The court has to examine that all relevant aspects have been
taken into consideration by the Public Prosecutor and/or by
the Government in exercise of its executive function.
Besides the eight questions noticed in the main judgment,
the question and aspect of association of Veerappan with
those having secessionist aspirations were also not
considered. Further though it may have been considered as
to what happened on 1st August, immediately after the
abduction of Rajkumar, but what does not seem to have been
considered is that those were spontaneous outburst and the
authorities may have been taken unaware but what would be
the ground realities when the law enforcing agencies have
sufficient time to prepare for any apprehended contingency.
The application and order under Section 321 is a result of
panic reaction by overzealous persons without proper
understanding of the problem and consideration of the
relevant material, though they may not have any personal
motive. It does not appear that anybody considered that if
democratically elected governments give an impression to the
citizens of this country of being lawbreakers, would it not
breed contempt for law; would it not invite citizens to
become a law onto themselves. It may lead to anarchy. The
Governments have to consider and balance the choice between
maintenance of law and order and anarchy. It does not
appear that anyone considered this aspect. It yielded to
the pressure tactics of those who according to the
Government are out to terrorise the Police force and to
overawe the elected Governments. It does not appear that
anyone considered that with their action people may lose
faith in the democratic process, when they see public
authority flouted and the helplessness of the Government.

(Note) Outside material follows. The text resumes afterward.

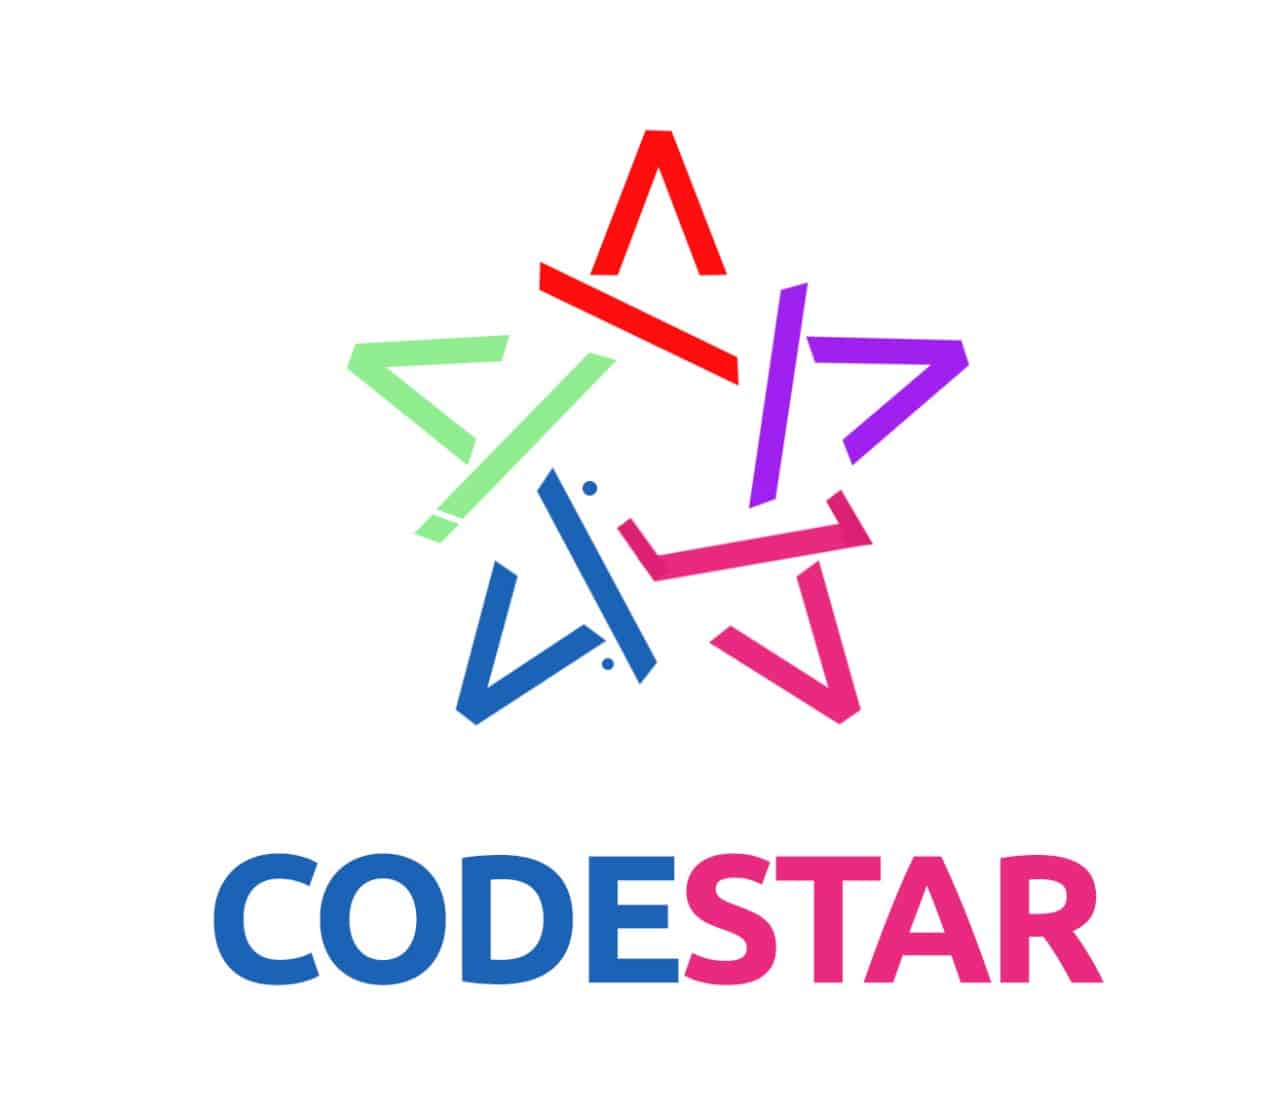 CodeStar
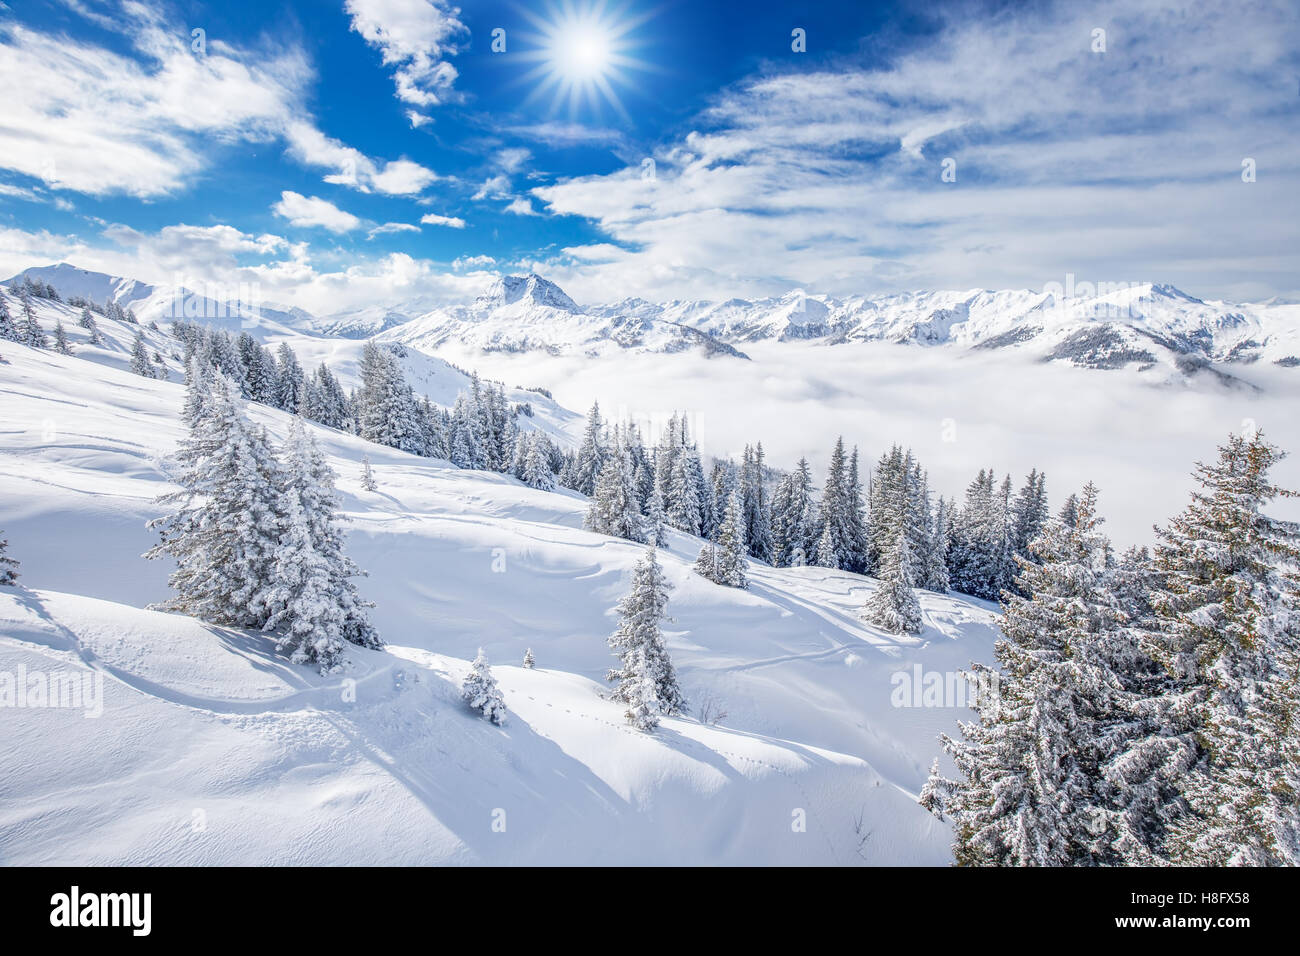 Trees covered by fresh snow in Tyrolian Alps. Stunning winter landscape near Kitzbuhel, Austria. Stock Photo

The aspect of paralysing and discrediting the democratic
authority had to be taken into consideration. It is the
executive function to decide in public interest to withdraw
from prosecution as claimed. But it is also for the
Government to maintain its existence. The self-preservation
is the most pervasive aspect of sovereignty. To preserve
its independence and territories is the highest duty of
every nation and to attain these ends nearly all other
considerations are to be subordinated. Of course, it is for
the State to consi der these aspects and take a
conscious decision. In the present case, without withdraw
consideration of these aspects the decision was taken to the
TADA charges. It is evident from material now placed on
record before this Court that Veerappan was acting in
consultation with secessionist organisations/groups which
had the object of liberation of Tamil from India. There is
no serious challenge to this aspect. None of the aforesaid
aspects were considered by the Government or the Public
Prosecutors before having recourse to Section 321 Cr.P.C.
With these additional reasons, I am in complete respectful
agreement with the conclusion and opinion of my senior
colleague Hon’ble Mr.Justice S.P. Bharucha.